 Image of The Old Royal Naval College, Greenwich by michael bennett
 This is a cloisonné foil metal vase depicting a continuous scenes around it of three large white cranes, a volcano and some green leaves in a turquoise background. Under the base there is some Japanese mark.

******

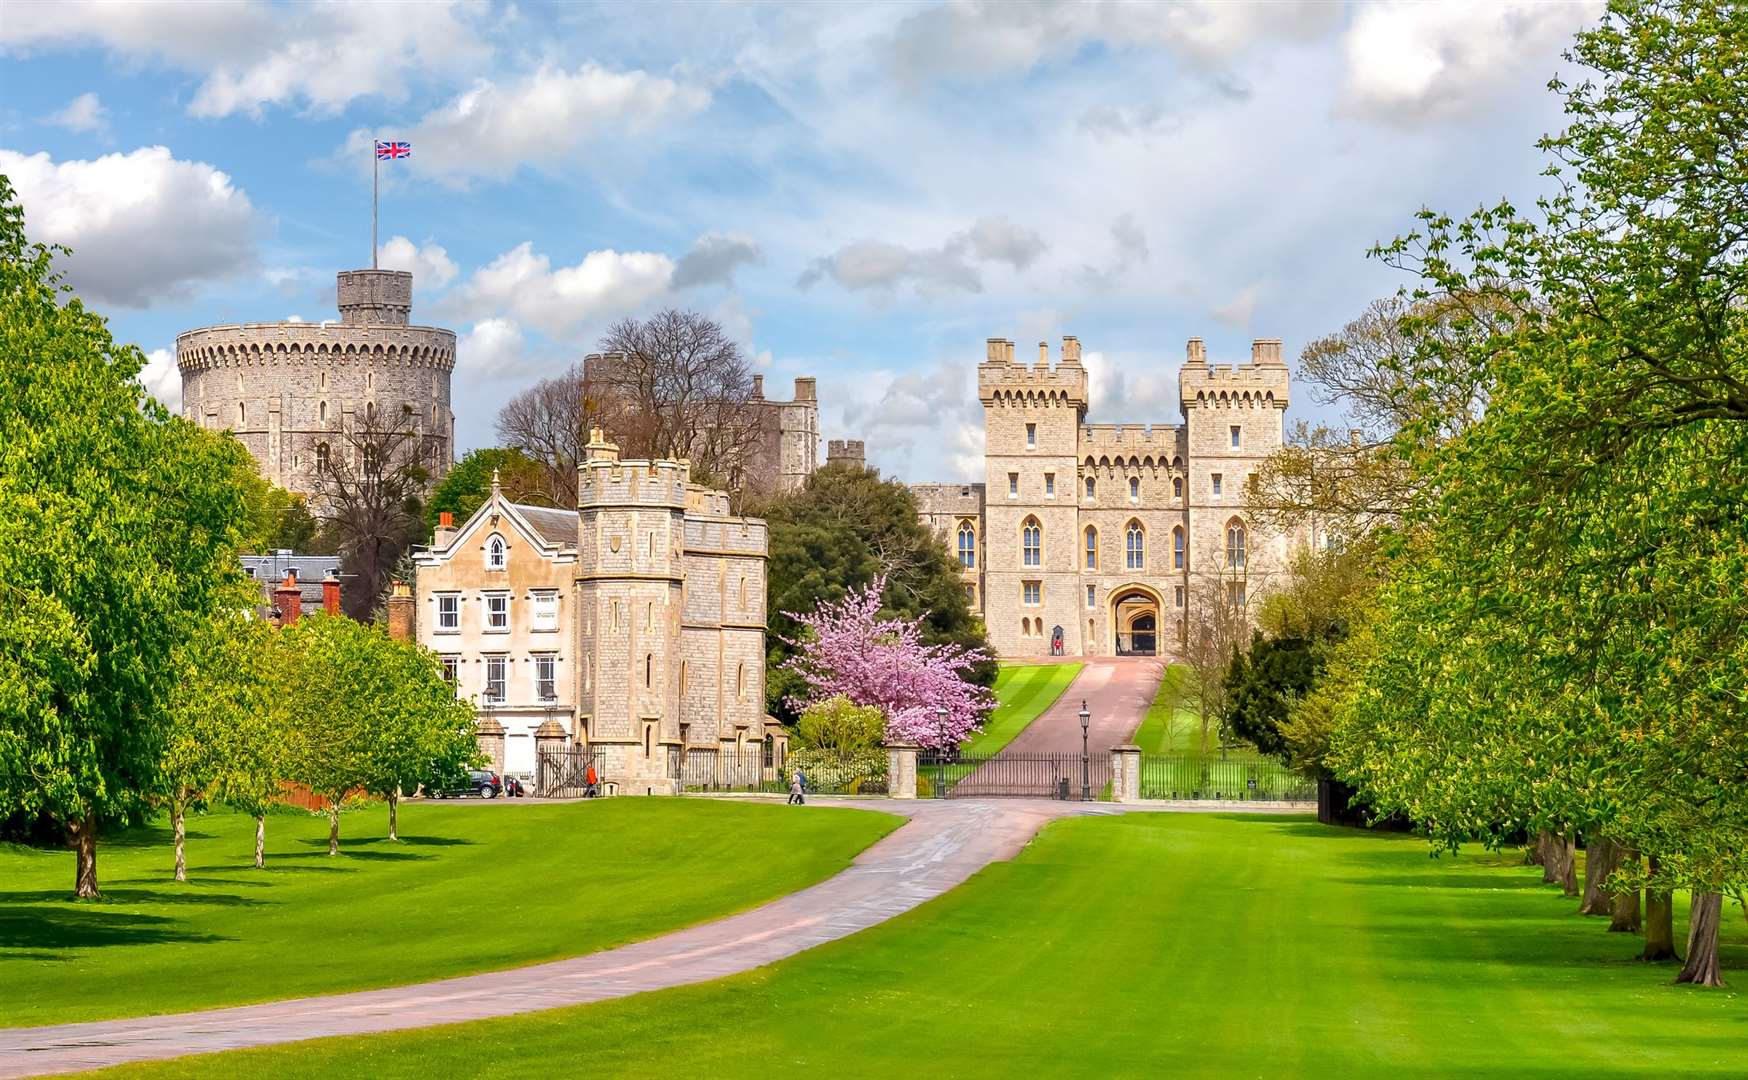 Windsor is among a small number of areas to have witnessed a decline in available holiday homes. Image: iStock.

******

** Action item **
Copy the entries above exactly, but only from the line holding "Image of The" through the line holding "This is a cloisonné", both included.

** Answer below **
 Image of The Old Royal Naval College, Greenwich by michael bennett
 This is a cloisonné foil metal vase depicting a continuous scenes around it of three large white cranes, a volcano and some green leaves in a turquoise background. Under the base there is some Japanese mark.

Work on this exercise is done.